News & Analysis / Special reports
Global Custody 2001
Where the ticking of the pensions time bomb is at its loudest
by Simon Targett
Published: July 4 2001 14:08GMT | Last Updated: July 5 2001 16:33GMT
Global Custody graphic

Europe is the big battleground for the global custody industry. It is here that the customers of custody services - pension funds - have the greatest choice: the big US banks, the European giants such as Deutsche Bank, BNP Paribas and HSBC, and the niche operators such as Pictet.

In the US, the Bank of New York, State Street and JP Morgan are dominant. In Europe, however, they have to contend with stiff competition from two quarters: other US banks with a large international presence, such as Citibank; and European banks trying to move up the global custody league tables on the back of dominance in their own backyard. Deutsche, BNP Paribas, and HSBC are all ranked in the top 10, according to a survey by globalcustody.net.

It is easy to see why the big custodians are all competing for a slice of the European market. The important worldwide trends that make custody such a compelling business on a global scale are at their most striking in Europe: the rise of the pensions market, the growth of cross-border investment, the emergence of the super-wealthy. Across the continent, some countries are facing a so-called "pensions time bomb", with their promises to pensioners looking ever more expensive - and unrealistic - as people live longer and enjoy unexpectedly long periods of retirement.

It is prompting some countries to introduce private pensions. In recent months, there has been dramatic progress in Germany. There, people are being encouraged to pay into privately funded retirement schemes, and this is expected to generate an extra E30-E40bn by 2008 for the financial services sector.

This, in turn, is creating something of a savings boom, even at a time of stock market uncertainty, with ordinary people rushing to put their money into pensions, mutual funds and other savings products.

Europe's mutual fund market is now worth E2,500bn, and, according to Deutsche Bank, has seen a net inflow of E62bn in the year to April 2001.

Meanwhile, these assets are being invested in a different way, partly because of the arrival of the euro. Any currency risk associated with trades between countries in the euro-zone has disappeared, and this has led to a surge of pan-European investments.

Custodians with a global, and particularly pan-European, outlook are well-placed to make the most of this trend.

Robert Binney, managing director of Citibank's worldwide securities services division, says: "German investors are investing outside Germany, and the moment that happens, we get interested because, in general, their local bank is good only for domestic German investments. Most German banks do not have a regional network: we do."

Another trend is the boom in private wealth over the past three years. In 1998, there were 1.84m Europeans with more than $1m of liquid financial assets. By 2000, this number had grown to 2.31m - a 25 per cent increase - according to a recent survey by Merrill Lynch and Cap Gemini Ernst & Young. They possessed $7,200bn of assets, just over 30 per cent of the $27,000bn possessed by the world's exclusive club of dollar millionaires. By 2005, they are predicted to possess over $10,000bn of assets: that is behind the figure for the US ($13,000bn) but ahead of the figure for Asia ($7,300bn).

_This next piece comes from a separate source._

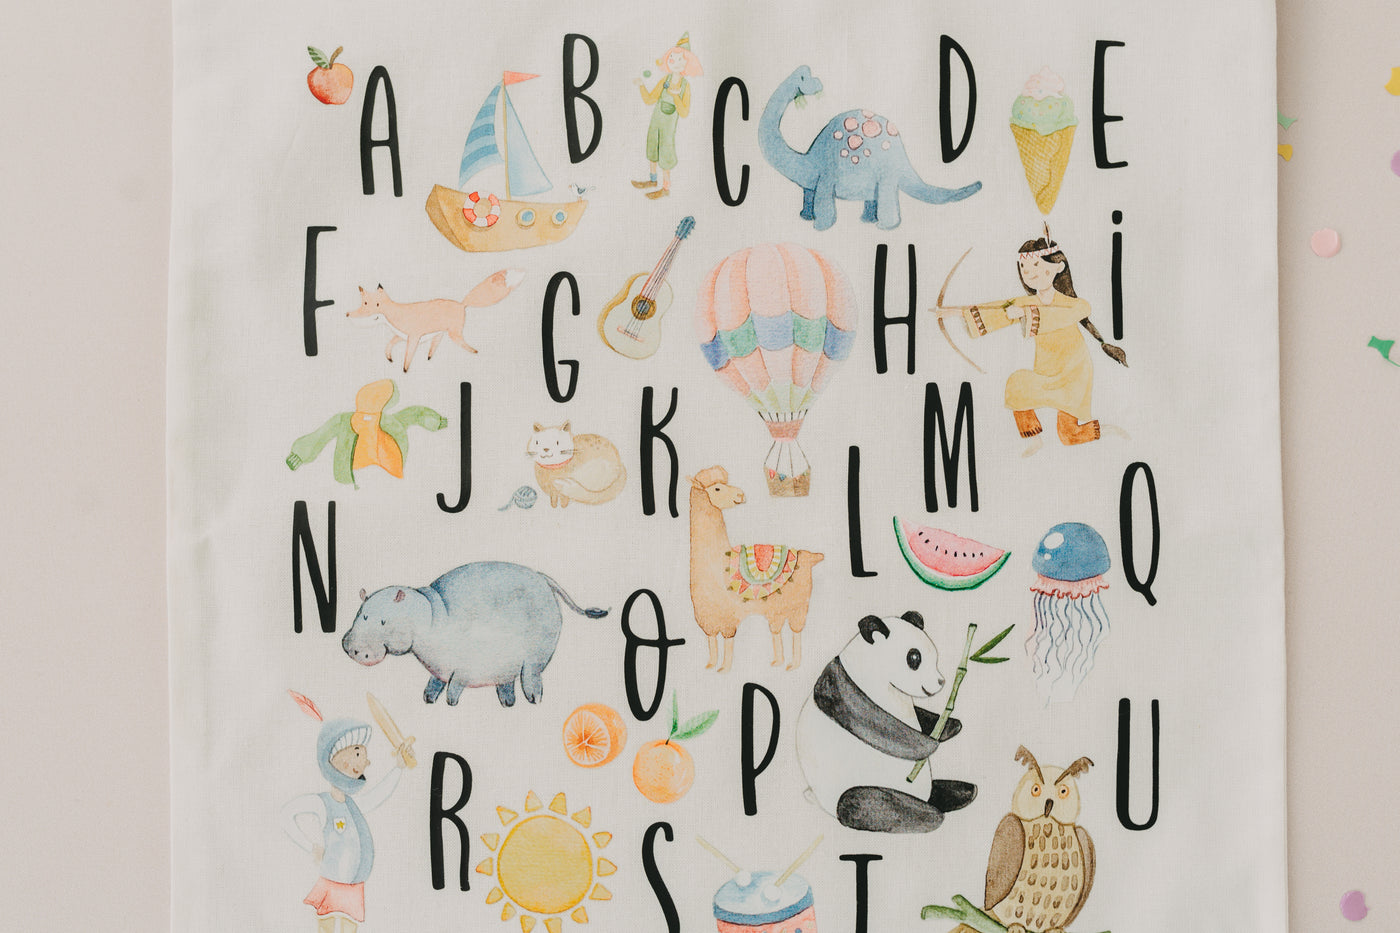 ABC Wimpel - Alphabet

Europe is also attractive for other reasons. One is the rising importance of corporate governance across the continent. Many custodians' play a central role in helping pension funds and others fulfil their duties as shareholders, often providing a proxy voting service.

This function is set to become more important, and perhaps more lucrative, as the big pension funds, especially those in the US and UK, demand the same shareholder rights in France, Germany and elsewhere as they do in their home countries.

The big custodians, that offer a powerful proxy voting service, along with translation and legal capabilities, stand to gain in what could be atough fight between powerful international shareholders and local company executives used to having things their own way.

Another European attraction for custodians is changing regulation, which, in some cases, is likely to open up more doors to new business. In the UK, for instance, the newly-elected Labour government is reviewing radical proposals for protecting pensioners' funds, set out in a report by Paul Myners, chairman of Gartmore Investment Management.

New legislation, introduced in the wake of the Robert Maxwell pensions scandal in the mid-1990s, did not oblige pension fund trustees to place their workers' pension savings with an independent custodian. This was because, among other things, custodians were not then regulated. Now they are, says Mr Myners, and although the great majority of UK pension funds use custodians independent of the employer, not all do.

In particular, the small and medium-sized funds have not placed their assets with a custodian. There are about 700 pension funds with assets in excess of £100m, and less than half of these use a directly appointed custodian.

This gap in the market has recently attracted smaller custodians, such as KAS Associates, a Dutch global custodian ranked in the world's top 20, with $191bn of assets under custody.

If the big US banks dominate the industry, there is, in Europe at least, room for the small but dedicated participants, too.